Under the hood, we can leverage ACK and cloud services to support the deployment of the ML models.
Here are how they are implemented:
- We can create and manage ACK clusters in the `create-cluster` workflow task.
We can define the ACK cluster templates in `k8s-cluster` component.
- We can use ASK as cluster resources for dev environment, which is defined in `dev-cluster` component.
Once users have evaluated the service and promoted to production, the ASK cluster will automatically scale down.
- We can use ASK for scaling up cluster resources in prod environment.
When traffic spike comes, users would have more resources automatically to create more serving instances,
which keeps the services responsive.
- We can deploy ML models to ACK@Edge to keep services running on edge-autonomous mode.
- We can provide GPU sharing options to users by using ACK GPU sharing feature.
- We can export the logs and metrics to ARMS and display them in dashboard automatically.
## Considerations
### 1. Comparison to using Kubeflow
How is it different from traditional methods like using Kubeflow directly:
- Users using Kubeflow still needs to write a lot of scripts.

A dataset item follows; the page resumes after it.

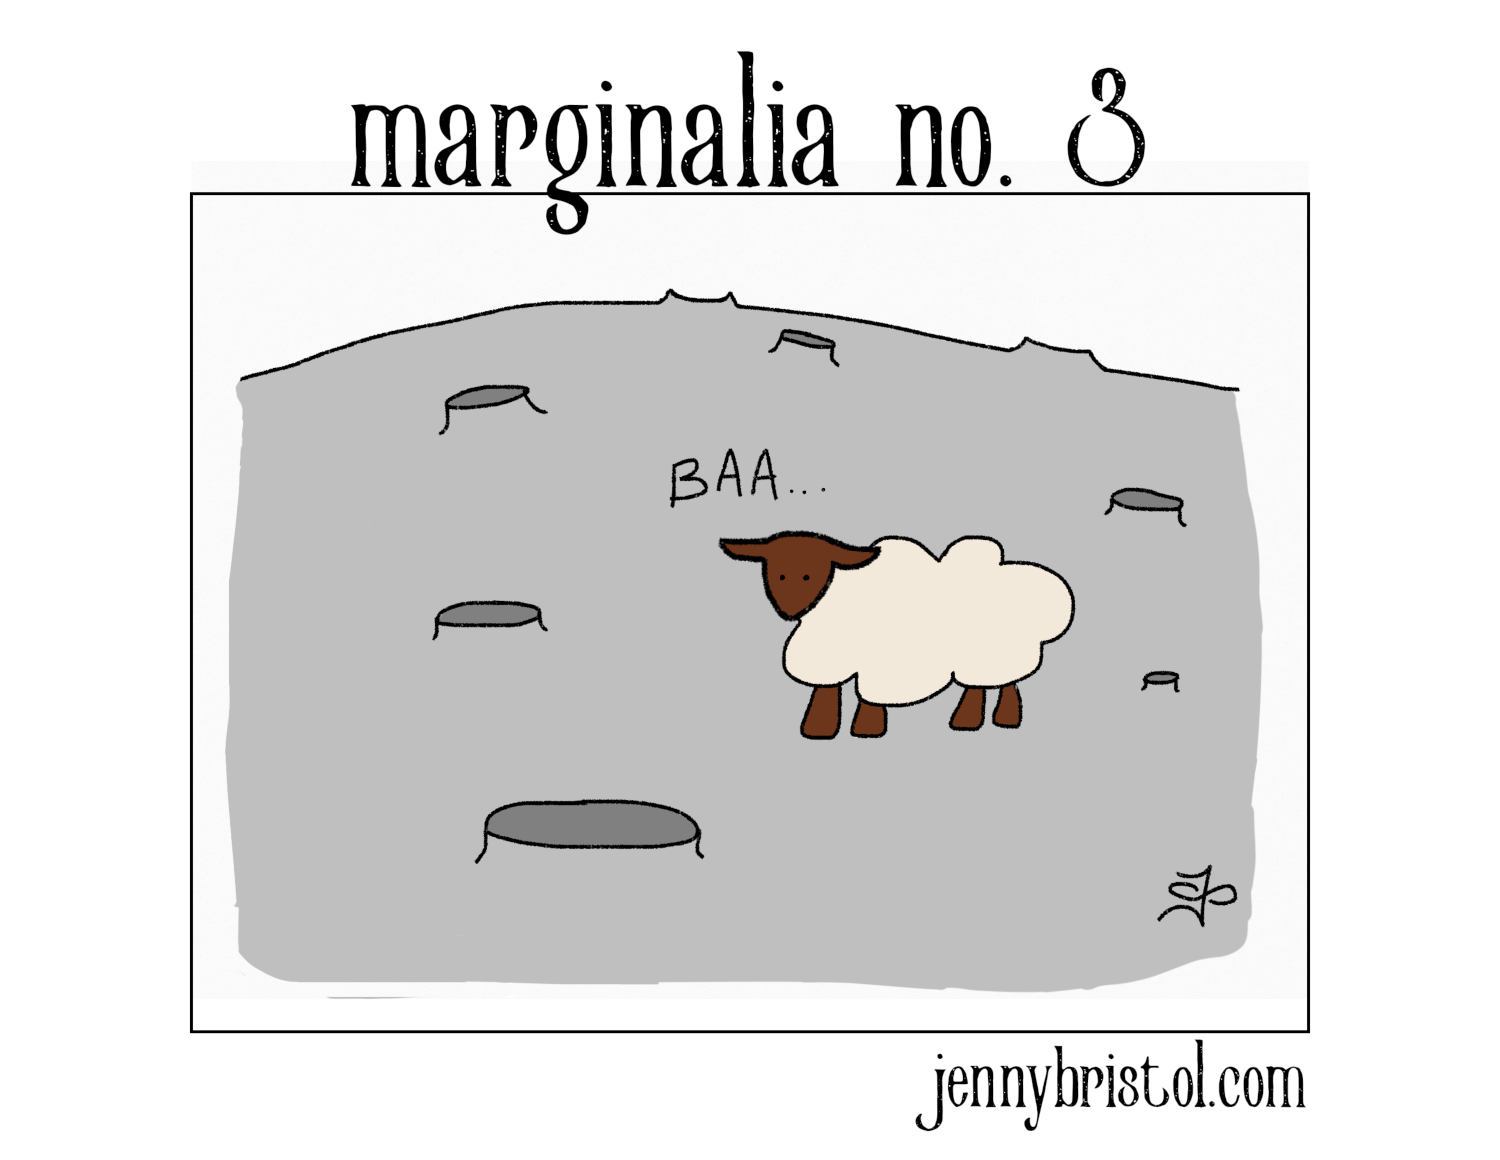 Marginalia no. 3 to post

It is a challenging problem to manage those scripts.
For example, how to store them, and how to document them?
- With KubeVela, we provide a standard way to manage the these glue code.
They are managed in modules, stored as CRDs, and exposed in CUE APIs.
- Kubeflow and Kubeflow works in different levels.
Kubeflow provides low-level, atomic capabilities.
KubeVela works on higher-level APIs to simplify deployment and operations for users.